Des exercices d'un bon religieux.
Оглавление1. La vie d'un vrai religieux doit être pleine de toutes les vertus; de sorte qu'il soit tel intérieurement qu'il paraît devant les hommes.
Et certes il doit être encore bien plus parfait au dedans qu'il ne le semble au dehors, parce que Dieu nous regarde, et que nous devons, partout où nous sommes, le révérer profondément, et marcher en sa présence purs comme les Anges.
Nous devons chaque jour renouveler notre résolution, nous exciter à la ferveur, comme si notre conversion commençait aujourd'hui seulement, et dire:
Aidez-moi, Seigneur, dans mes saintes résolutions et dans votre service; donnez-moi de bien commencer maintenant, car ce que j'ai fait jusqu'ici n'est rien.
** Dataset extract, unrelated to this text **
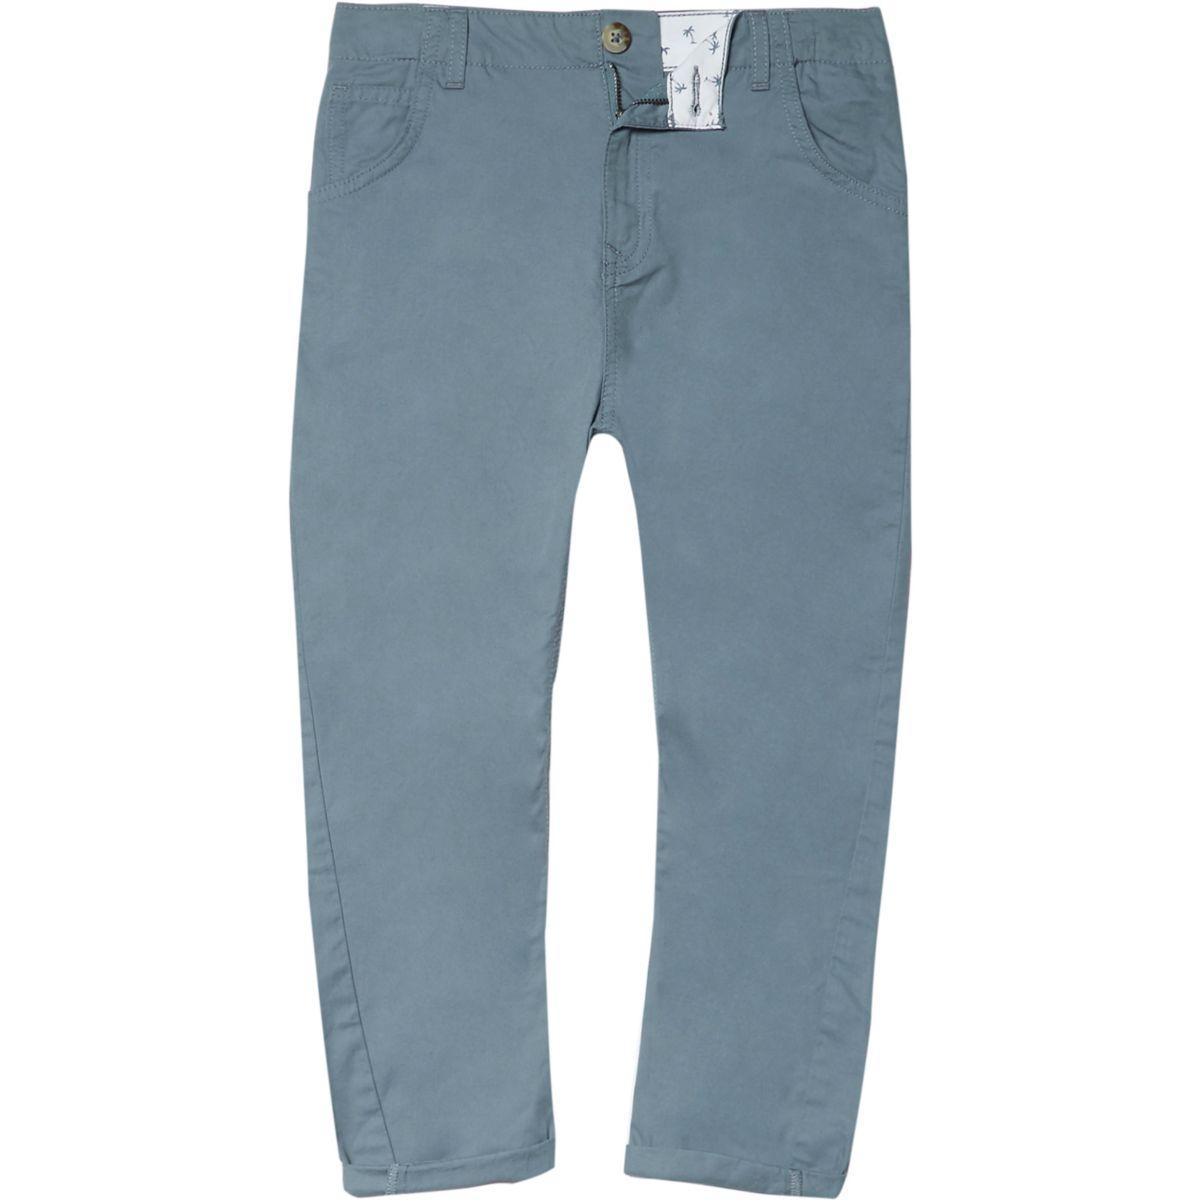 Pantalon chino fuselé bleu clair pour garçon

2. La fermeté de notre résolution est la mesure de notre progrès; et une grande diligence est nécessaire à celui qui veut avancer. Si celui qui forme les résolutions les plus fortes se relâche souvent, que sera-ce de celui qui n'en prend que rarement, ou n'en prend que de faibles?
Toutefois nous abandonnons nos résolutions de diverses manières, et la moindre omission dans nos exercices a presque toujours quelque suite fâcheuse.
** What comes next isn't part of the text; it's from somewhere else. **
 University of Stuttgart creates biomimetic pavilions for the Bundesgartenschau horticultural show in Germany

Les justes, dans leurs résolutions, comptent bien plus sur la grâce de Dieu que sur leur propre sagesse; et quelque chose qu'ils entreprennent, c'est en lui seul qu'ils mettent leur confiance.
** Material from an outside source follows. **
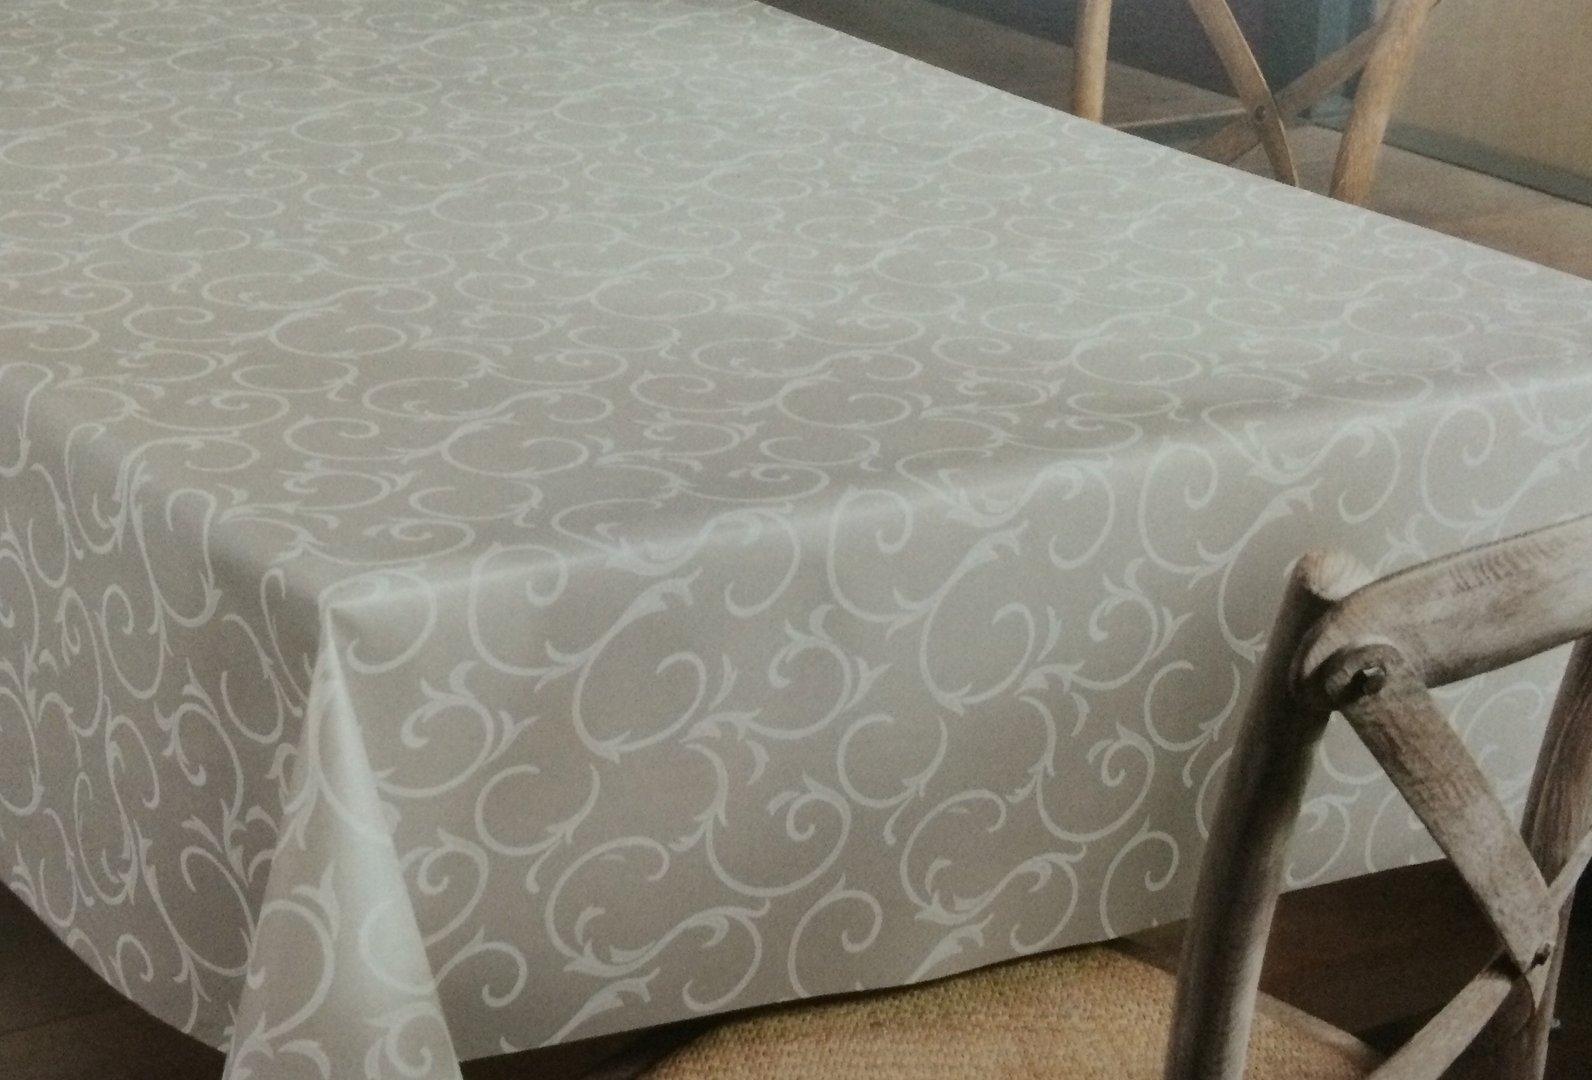 wachstuch tischdecke meterware modern k150193 barock grau. Black Bedroom Furniture Sets. Home Design Ideas

Car l'homme propose, mais Dieu dispose60, et la voie de l'homme n'est pas en lui61.
[60] Prov., XVI, 9.
[61] Jér., X, 23.
3. Si nous omettons quelquefois nos exercices ordinaires, par quelque motif pieux, ou pour l'utilité de nos frères, il nous sera facile ensuite de réparer cette omission.
Mais si nous les abandonnons sans sujet, par ennui ou par négligence, c'est une faute grave, et qui nous sera funeste.
Faisons tous nos efforts, et nous tomberons encore aisément en beaucoup de fautes.
On doit cependant toujours se proposer quelque chose de fixe, surtout à l'égard de ce qui forme le plus grand obstacle à notre avancement.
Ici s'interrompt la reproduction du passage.